### TASK PROMPT
Transcribe exactly the lines from the one containing "Burgundy Homecoming Dresses" through the end of the data, both included. Leave out pictures.

### DATA BLOCK
────────────────────────────────────────

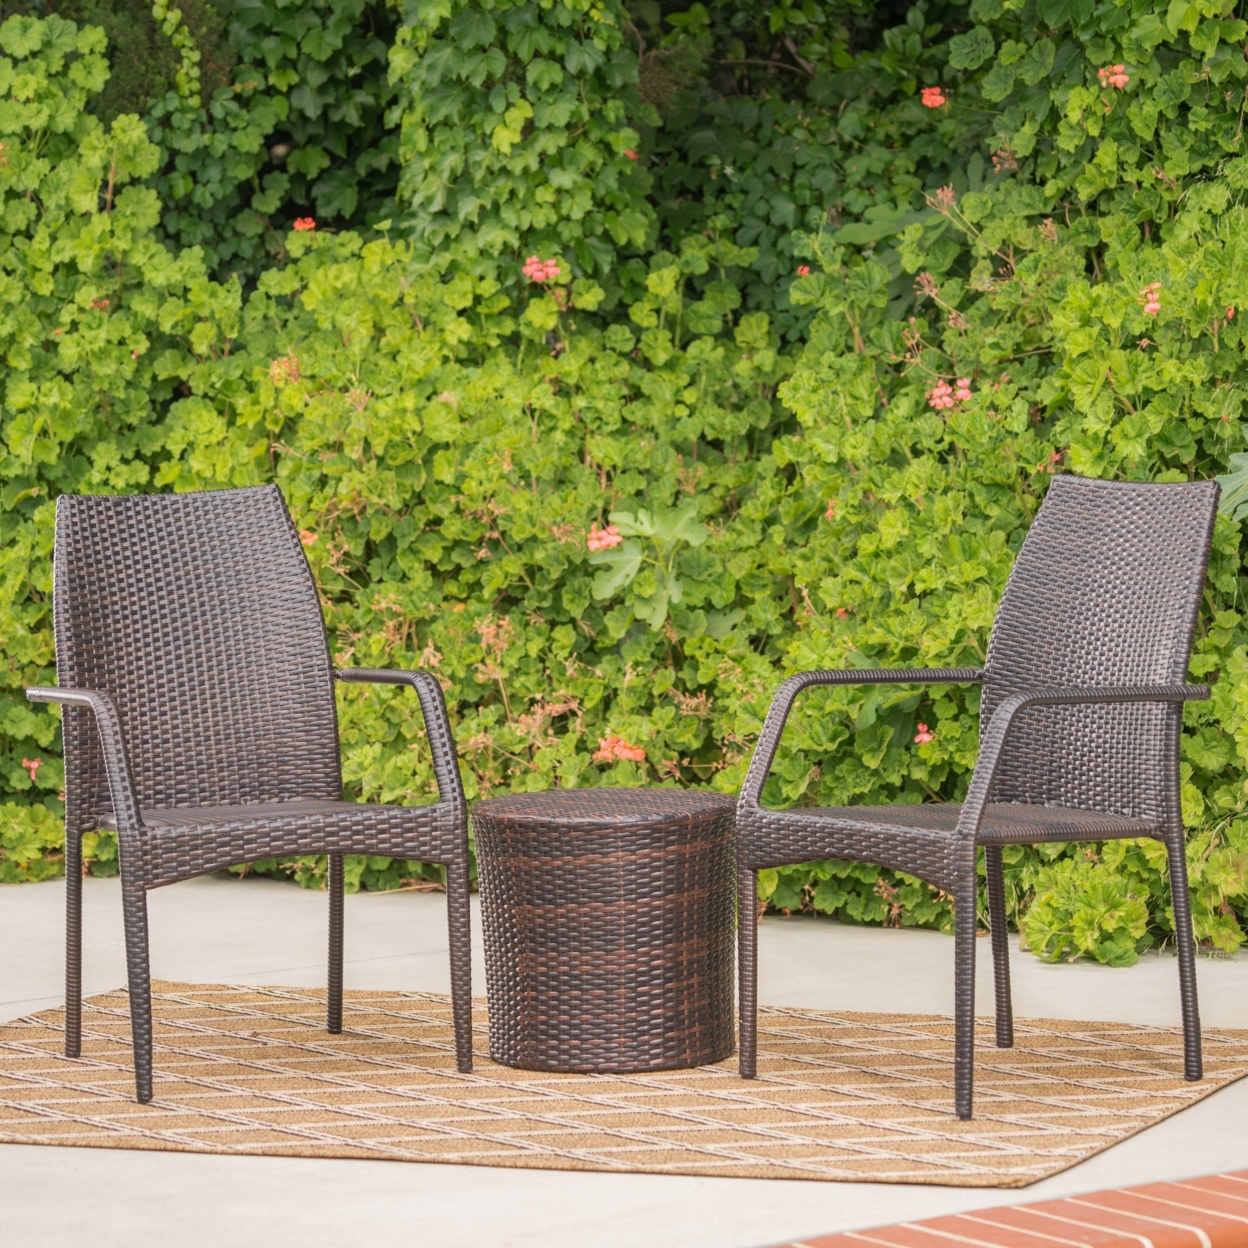 Dawson Outdoor 3 Piece Multi-brown Wicker Stacking Chair Chat Set - Trapezoid Table, Brown
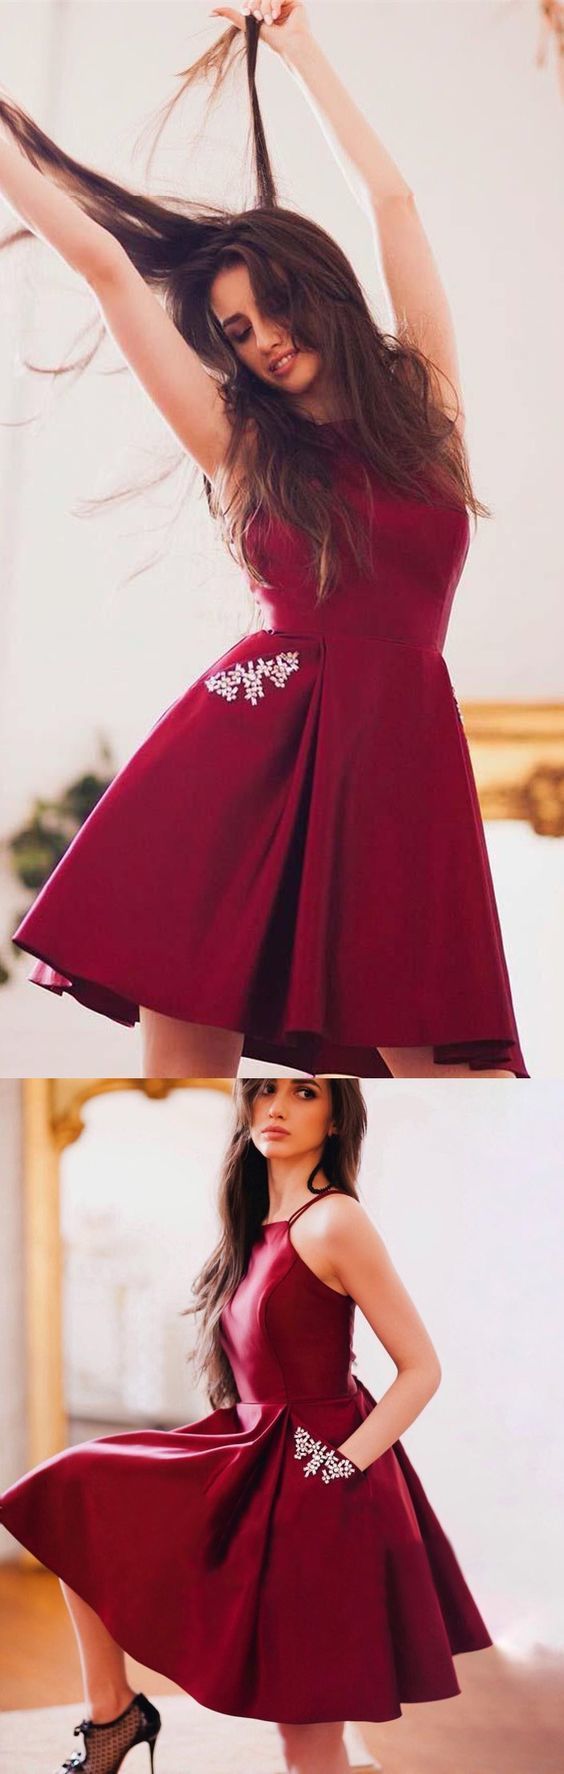 Burgundy Homecoming Dresses with Pockets A-line Short homecoming Dress Cute Party Dress cg785
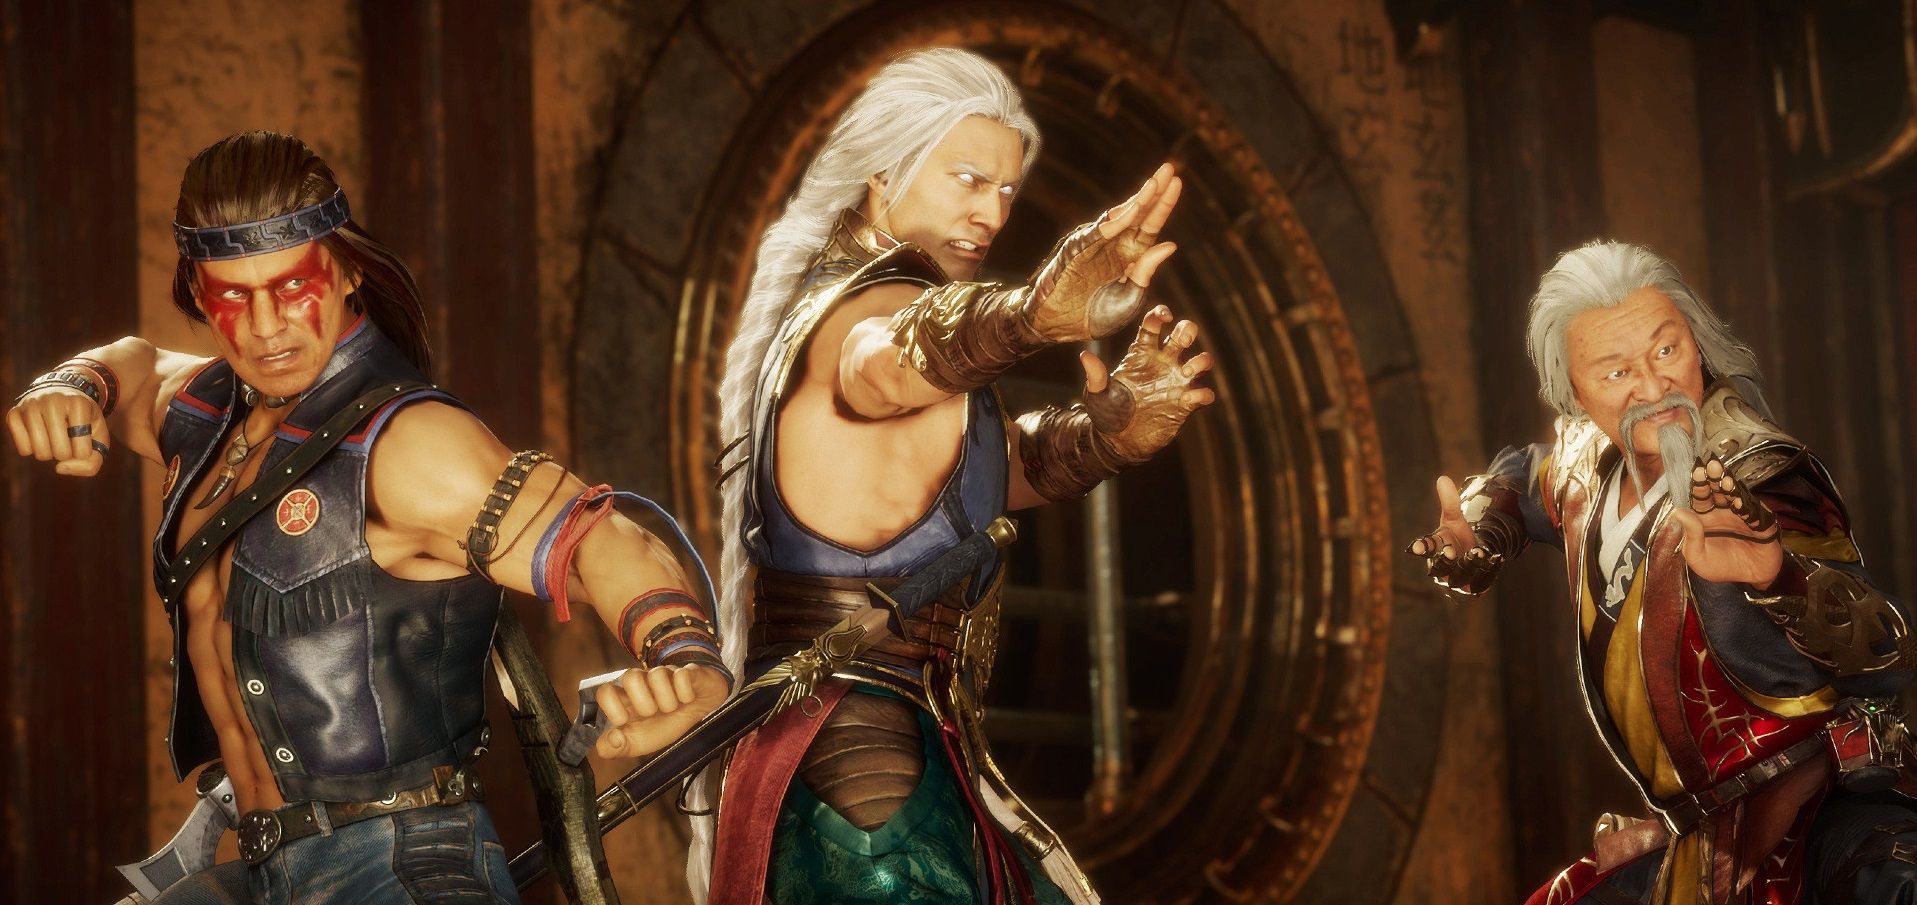 Mortal Kombat 11: Aftermath has an outstanding story campaign. PC

────────────────────────────────────────

### RESPONSE TO THE TASK
 Burgundy Homecoming Dresses with Pockets A-line Short homecoming Dress Cute Party Dress cg785
 Mortal Kombat 11: Aftermath has an outstanding story campaign. PC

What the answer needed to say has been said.